How To's

5 Common Kitchen Lighting Mistakes and How to Avoid Them

We now live in the age of the multi-purpose kitchen—one that calls for a trustworthy trio of task, ambient and accent lighting. And while they each have a place in any room’s overall lighting scheme, striking a perfect balance for your modern kitchen space can be a challenge. And it can be easy to get it wrong.

So here’s a list of 5 kitchen lighting mistakes and how to fix or avoid them.

The mistake: Your kitchen counters are too dark. Ambient light is important, but if your kitchen has cabinets with undercabinet workspaces, the cabinets will often block any overhead light and add shadows.

The fix: Undercabinet lighting. A must-have for the utilitarian kitchen, undercabinet lighting adds to the functional workspace in your kitchen. There are many task lighting options available, from plug-in options for a kitchen upgrade to hard-wired direct lighting with a convenient wall switch.

Modern undercabinet lighting designs include modular tracks that customize to your kitchen layout. Dimmable lighting is ideal, as it doubles as ambient light or even safety lighting when the cook’s all done with the prepping and cleaning.

The mistake: Too many recessed lights. When it comes to recessed lighting, a less-is-more approach works best. Still, recessed downlights don’t illuminate walls so relying on them as the only source of light in any room will leave some areas poorly lit.

The fix: To avoid having your kitchen ceiling look like an airport runway, the general rule to follow is: use one recessed light for every 4-6 square feet of ceiling space. The formula for spacing your recessed lights is to divide the height of the ceiling by 2. For an 8 foot ceiling, space recessed lights about 4 feet apart. While things like the type of lighting used do factor in, sticking to these rules are generally a safe bet.

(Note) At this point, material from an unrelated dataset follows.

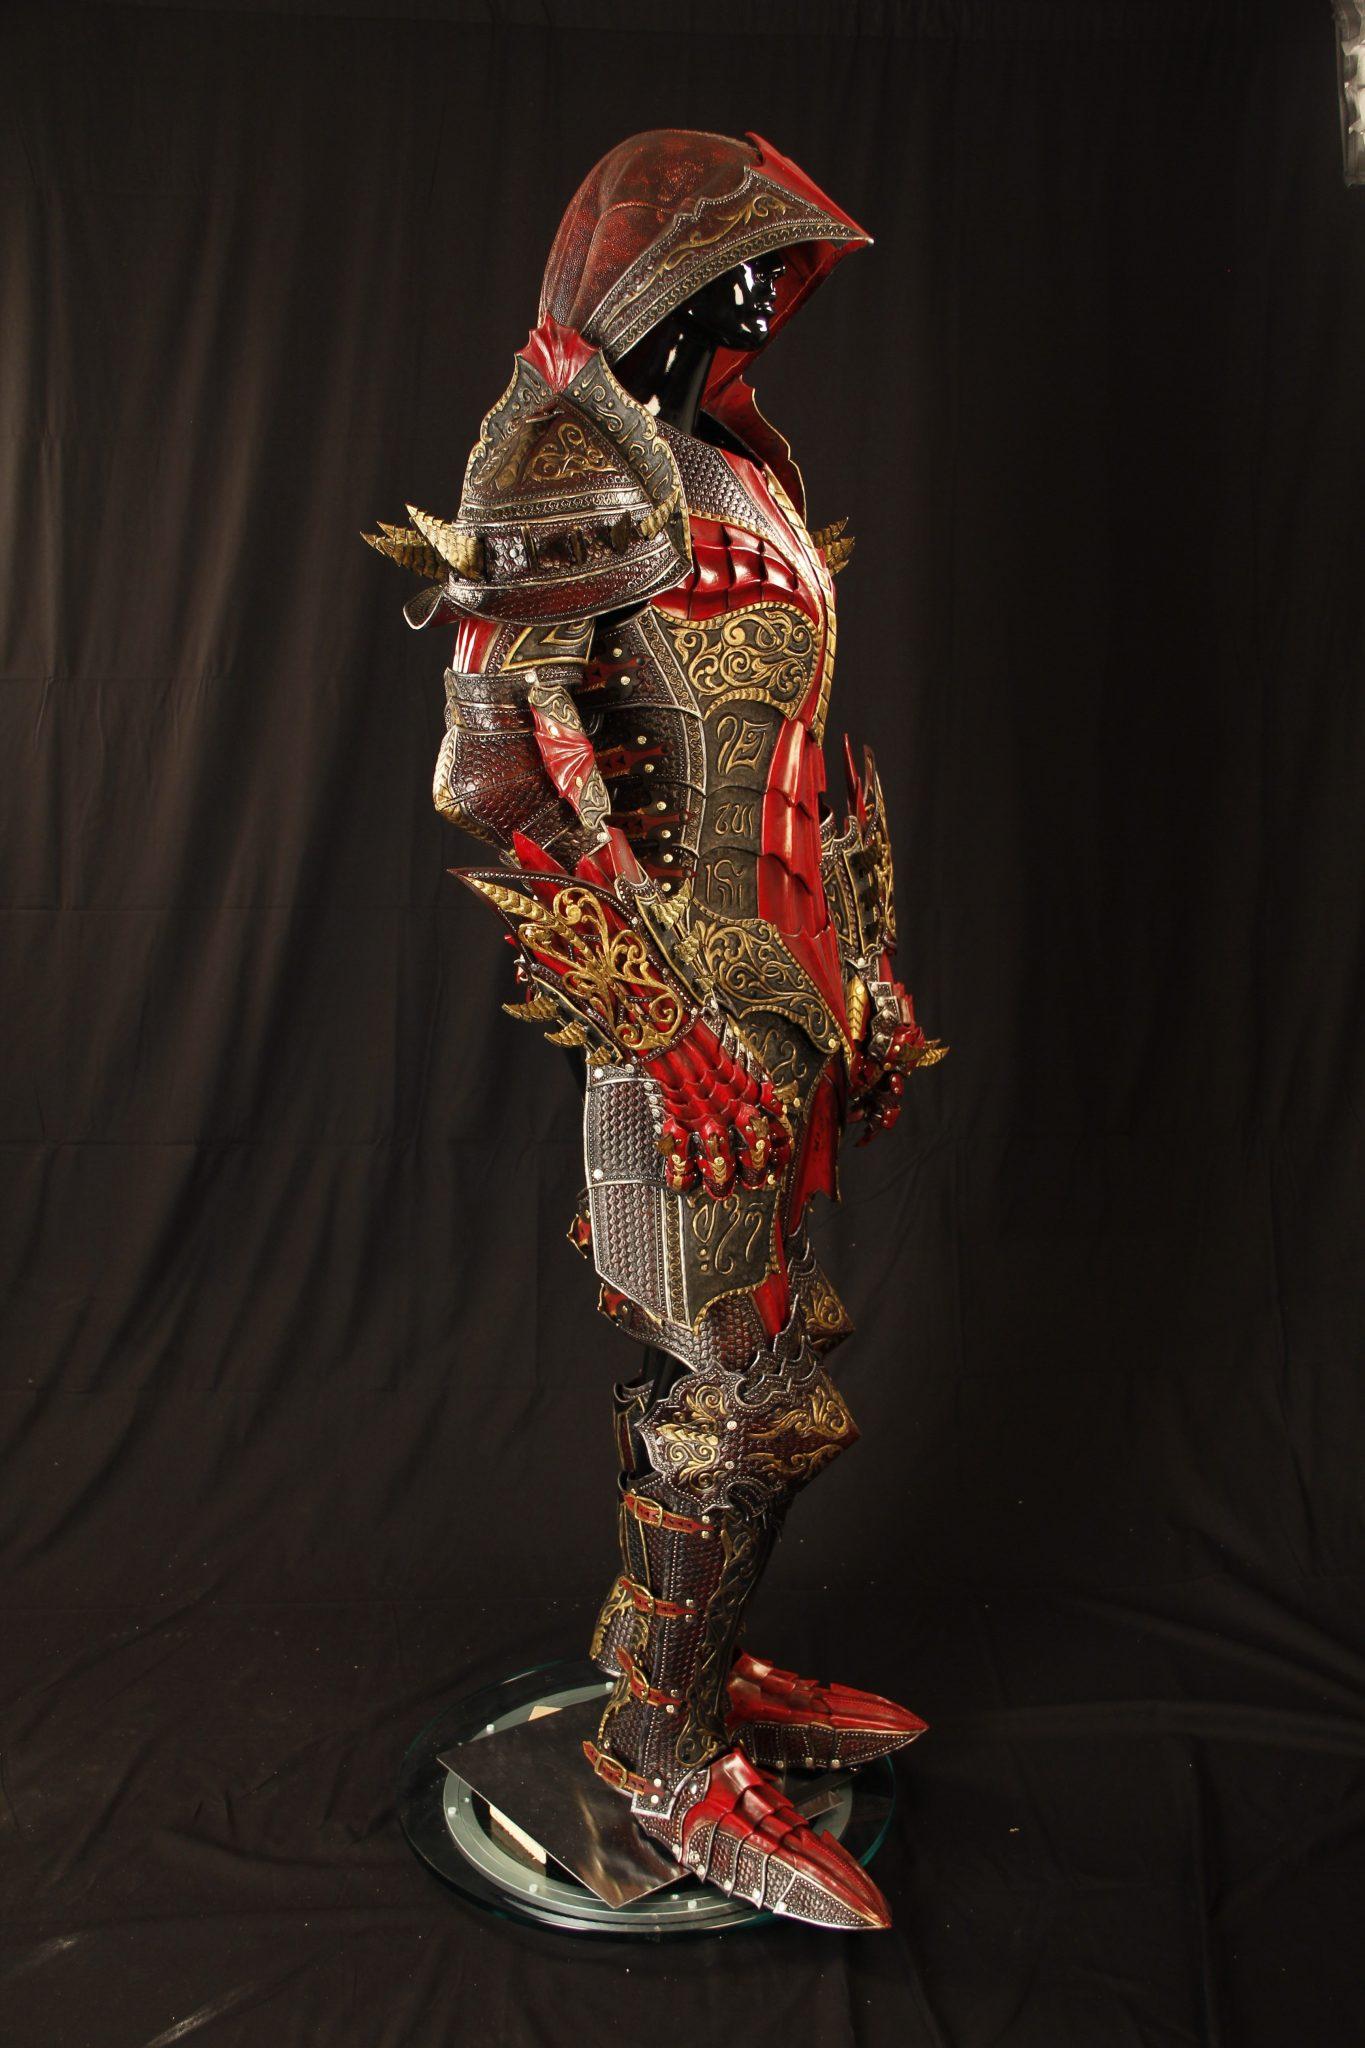 Galleries - Prince Armory | Gallery, Armory, Custom creations
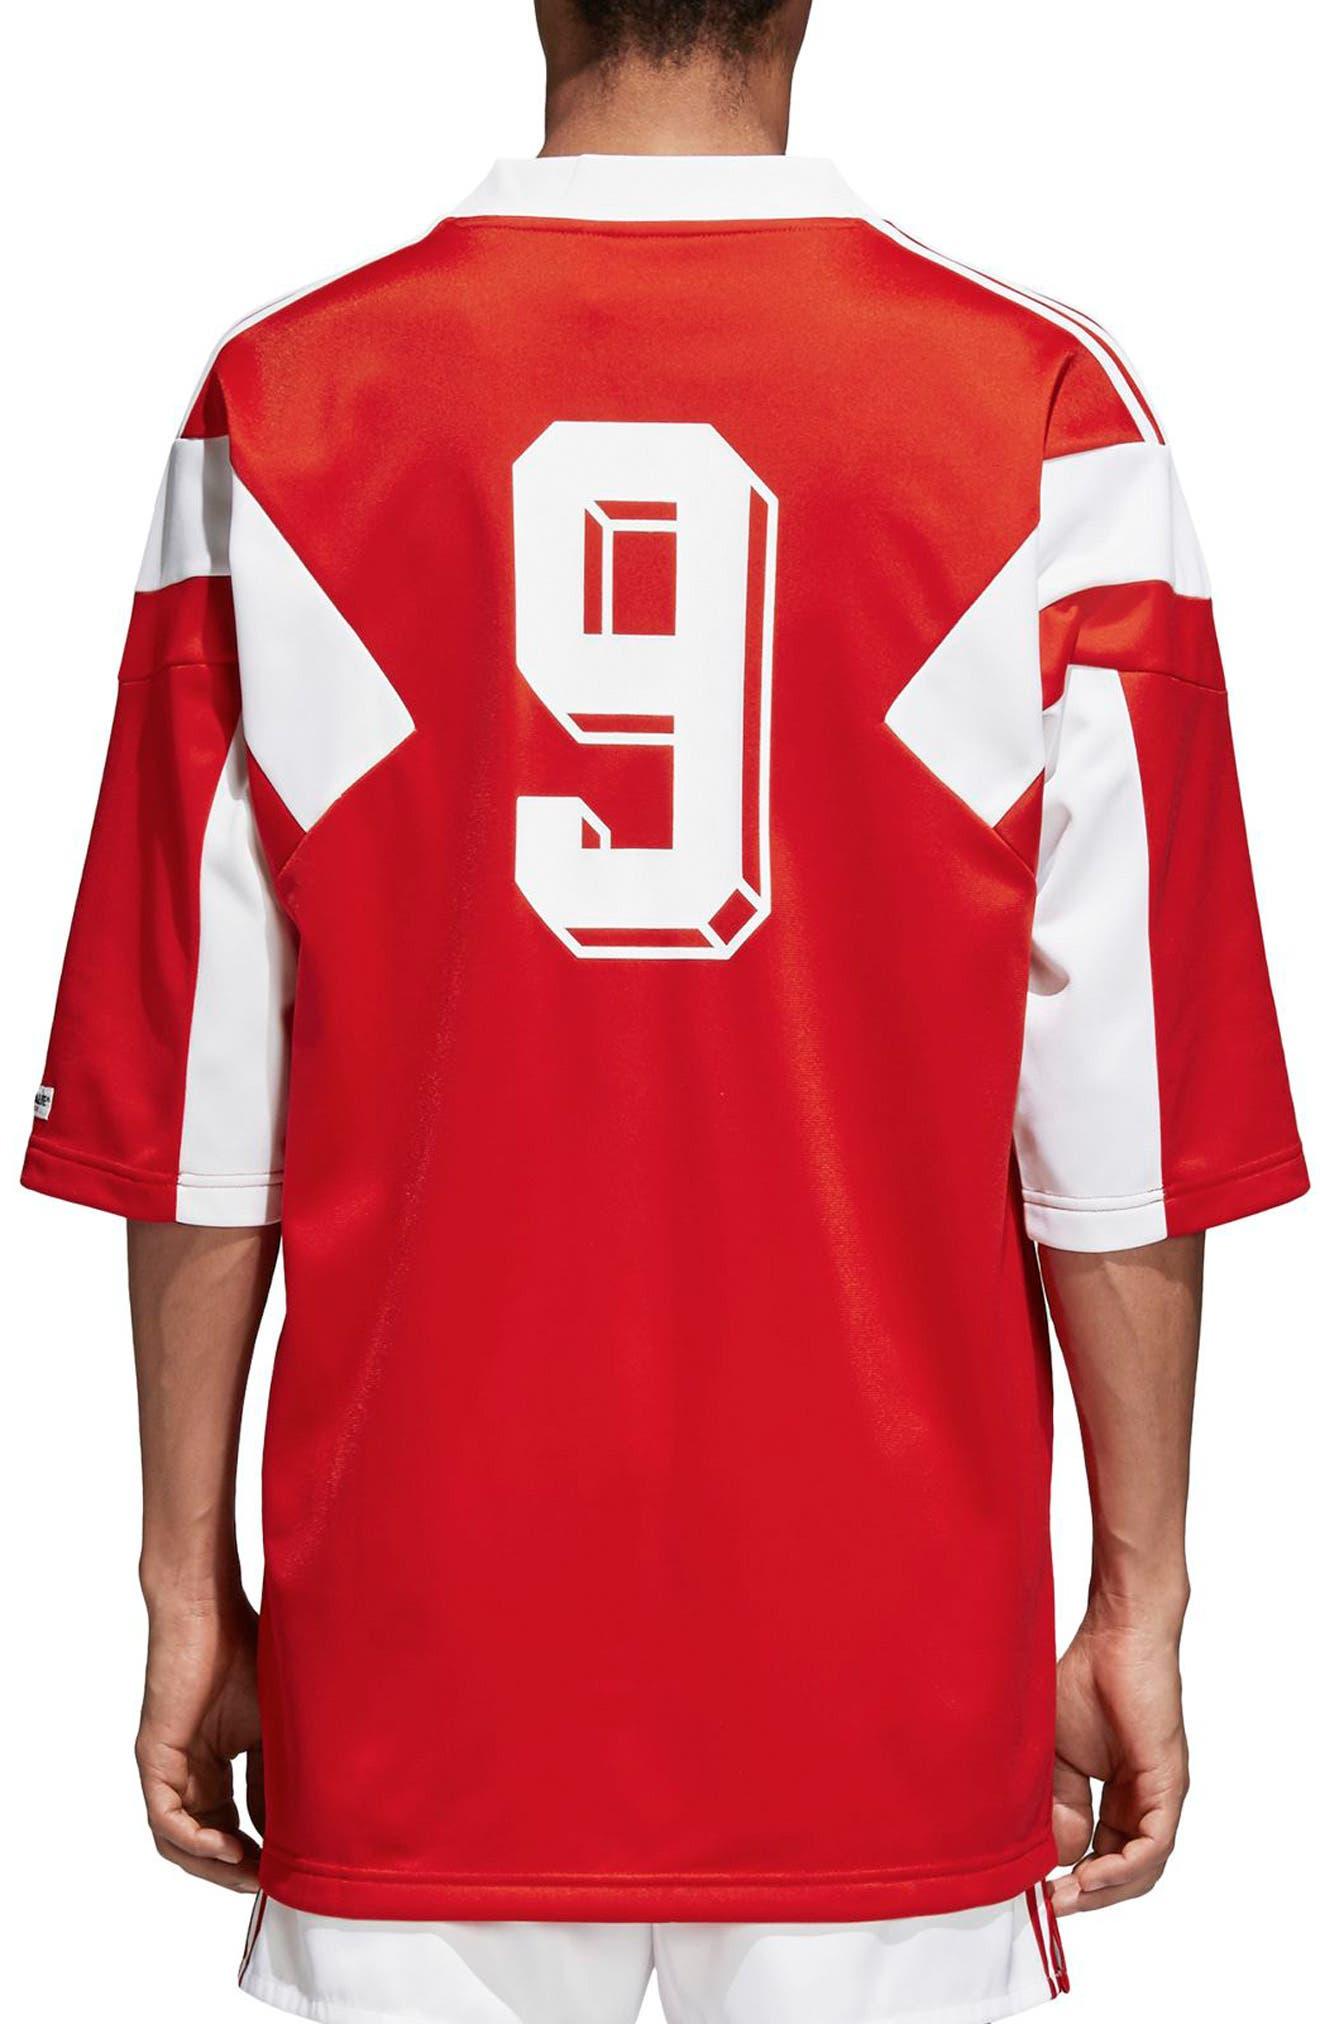 adidas Original Russia 1991 Soccer Jersey,                             Alternate thumbnail 2, color,                             610

The mistake: Disproportionate lighting fixtures. If you’ve ever walked into a space that showcased a single small-scaled pendant light above a sprawling kitchen island or an immense chandelier hanging over a small kitchen eating space, you know that it can wreak havoc on a room’s proportions – not to mention that it often leads to insufficient kitchen lighting.

The fix: A little planning along with learning your kitchen’s size and the measurements of a counter or island workspace is key in selecting scale-appropriate lighting. For general pendant lighting, the rule of thumb is to take the width and height of your kitchen in feet and add them together. Change the resulting number to inches and you’ve got the diameter for a pendant light that will fit perfectly in the space.

For an island or table, measure the width of the narrowest part. Now, choose a lighting fixture with a diameter that is about one foot smaller.

The mistake: Overly bright lighting or too much light. We humans are sensitive to light. Ask anyone who works in an office with harsh, bright lighting and they’ll tell you that excessive lighting can bring on headaches, nausea, anxiety and fatigue.

The fix: Use several tiers of lighting to give your kitchen a balanced atmosphere that suits work and relaxation.

And if you’ve acquired an over lit kitchen: Add controls to the pre-existing lights, such as placing them on separate switches. Additionally, dimmable lighting will go a long way towards creating a comfortable layer of kitchen lighting.

The mistake: Highlighting the wrong areas of your kitchen. While many people go to the extreme of thinking accent lighting isn’t necessary, a well-placed decorative light can be the wow factor your kitchen needs. At the same time, hanging an elaborate chandelier above the kitchen sink is like adding sprinkles to the cone instead of the ice cream.

The fix: A trio of pendant lights over an island or eating area can highlight important parts of a room while bringing an opportunity for unique expression. But, if the eating area and island are only a few feet away and there’s already an eye-popping, show-stopping chandelier hanging over the table – they will compete. Opt for one focal point in your kitchen, instead.

Ultimately, the best way to avoid these 5 kitchen lighting mistakes: Follow the designer’s basic rule of 3-level lighting. Combine down lighting (recessed lights), undercabinet lights and pendant lighting, each controlled independently for the perfect blend of task, ambient and accent lighting.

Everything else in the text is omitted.